Here are two anecdotes that Doug suggested I share with TUHS (I am new to
TUHS, having joined just last month).

*First*:

*The creation of access(2).*
[Marc Rochkind documented a version of this on page 56 of his book *Advanced
Unix Programming* (1985, First Edition) discussing link(2).  The footnote
on that page says "Alan L. Glasser and I used this scheme to break into
Dennis Ritchie and Ken Thompson's system back in 1973 or 1974."]

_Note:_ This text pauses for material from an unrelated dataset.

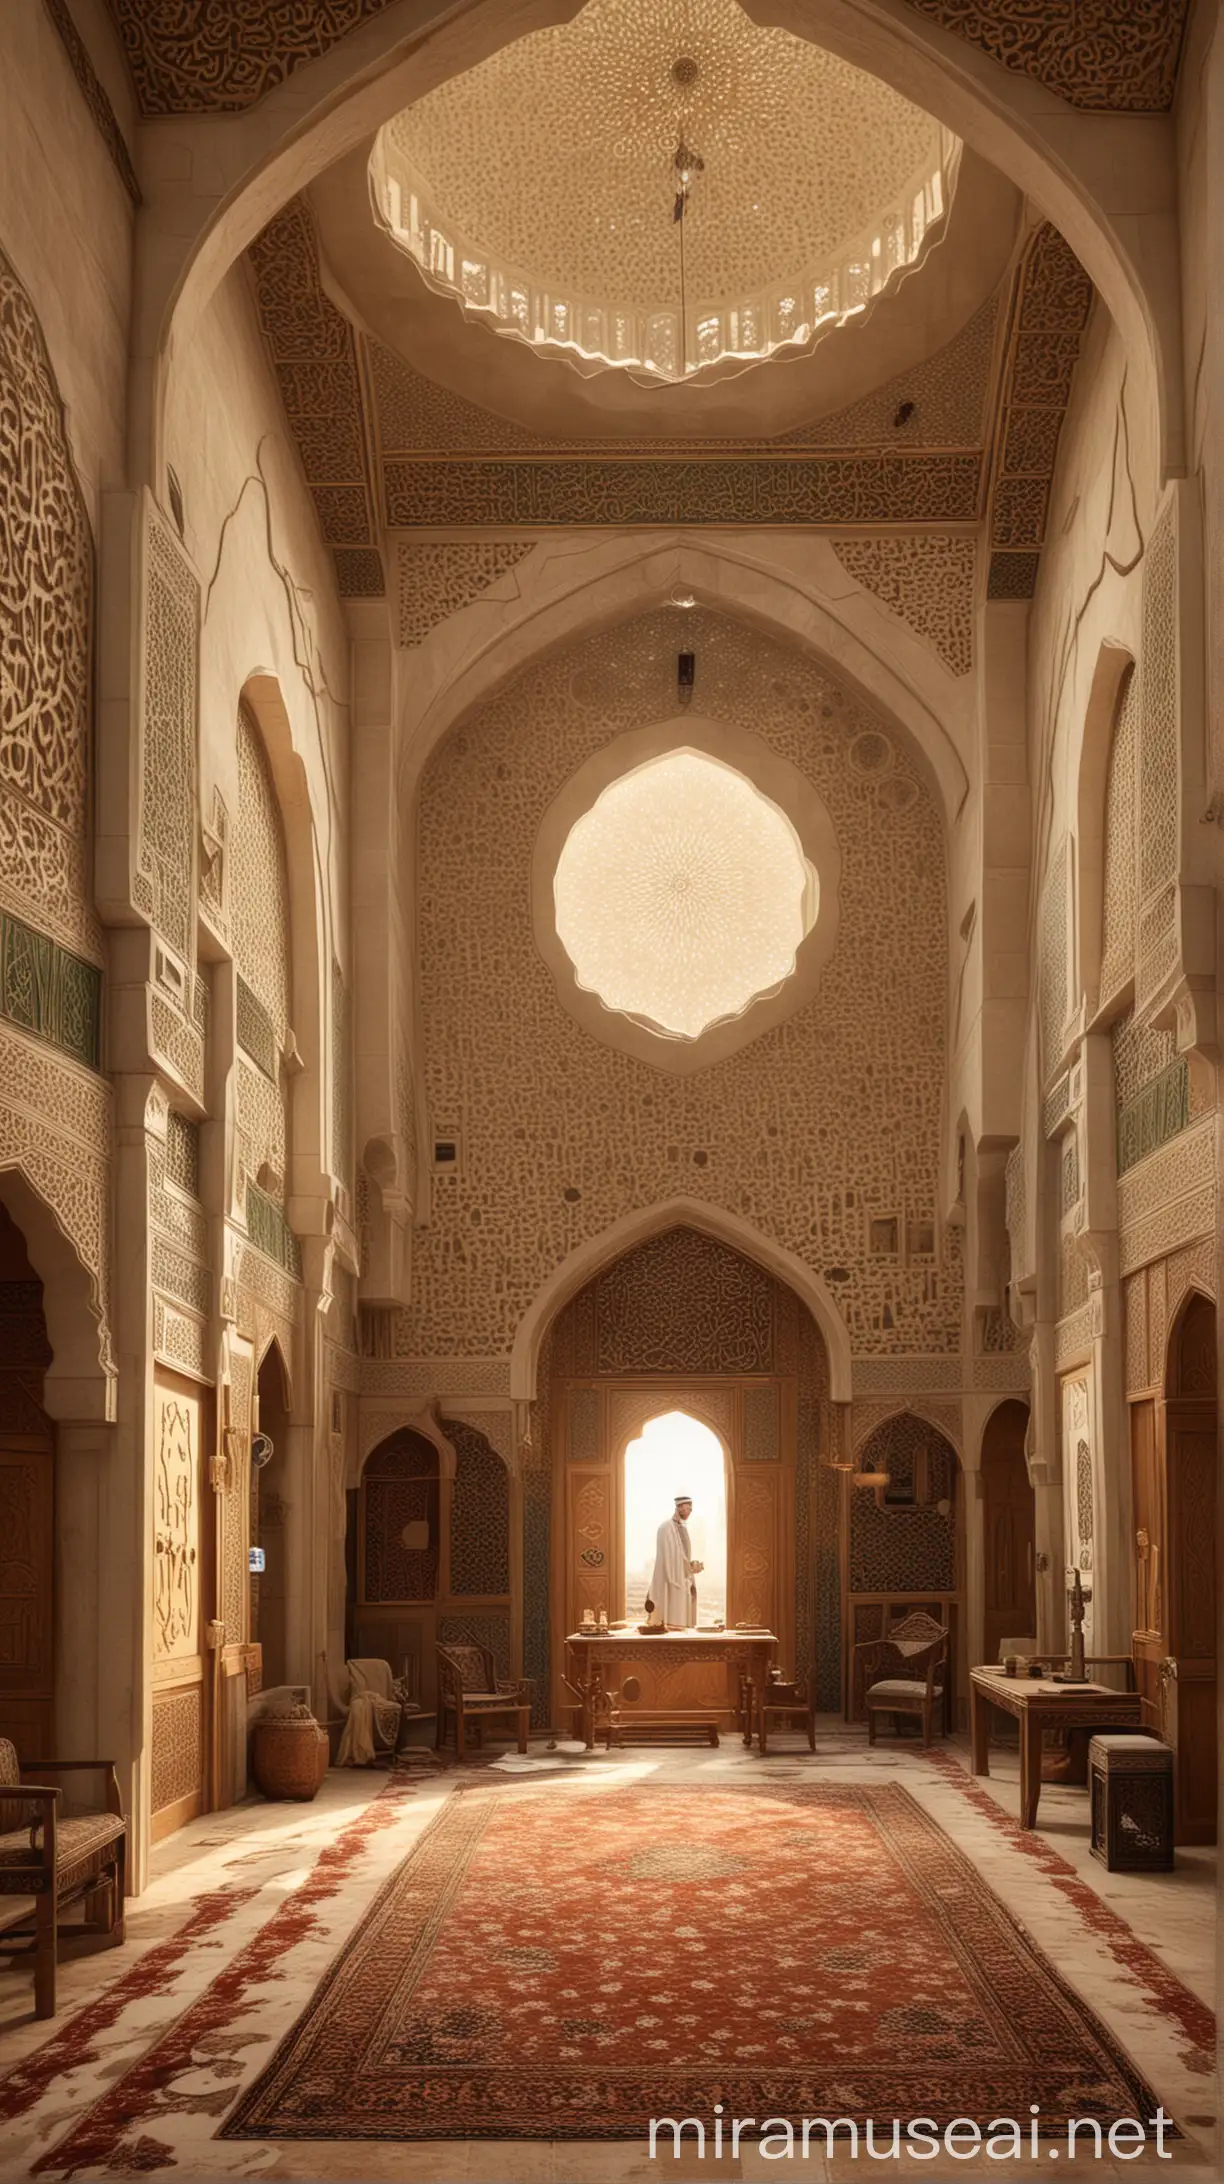 Create an illustration depicting the interior of Dar al-Arqam, the home of Prophet Muhammad (صلى الله عليه وسلم), as a place of learning and refuge for early Muslims. Show a simple yet welcoming space where Islamic teachings are imparted to the believers, highlighting the importance of knowledge and community in Islam.

Doug pointed out that the timing was probably later, as access(2) was not
in the Sixth Edition release, but probably right after the release (after
May 1975?).

It arose from a discussion I was having with Marc, with whom I worked on
SCCS and other PWB tools. We were discussing some mechanism that would
require moving directories (actually, simple renaming) in a shell
procedure. I told Marc that only root could make links to directories or
unlink directories, but he told me that he has renamed directories with the
mv command. I said then mv must be setuid to root, so we looked, and, of
course, it was.  I then looked at the source code for mv and quickly saw
that there was no attempt to check permission on the real uid. So I told
Marc it would allow anyone to become root. He wanted to see it in action,
so I logged into research (I don’t remember what our organization's shared
login was).  No one in our organization had root access on research.  Marc
and I didn't have root access on our organization's machines; Dick Haight
et. al. didn't share that privilege (Dick was the manager of the
super-users).   I think the actual sequence of commands was:
cd /
cp etc/passwd tmp
ed tmp/passwd
1s/^root:[^:]*:/root::/
w
q
mv etc etc2
mv tmp etc
su
mv etc tmp
mv etc2 etc
mv etc/as2 etc/.as2
{logout, hangup and wonder}
The last bit was a test to see what was noticed about what I did.
Marc and I talked for a while about it and discussed if we had any need to
be root on our local machines, but couldn't think of any pressing need, but
knowing we could was a bit of a comfort.  After a short time, Marc
suggested logging back in to see what, if anything, had been done.
/bin/mv had lost setuid to root
/etc/as2 was restored
/etc/.as2 was nonexistent

And the next day, the motd on research mentioned that there's a new
syscall: access.  And mv(1) now used it.

*Second*:

Our organization was one (out of possibly others) subject of Ken's *codenih*
that he documented in his Turing Award article in CACM.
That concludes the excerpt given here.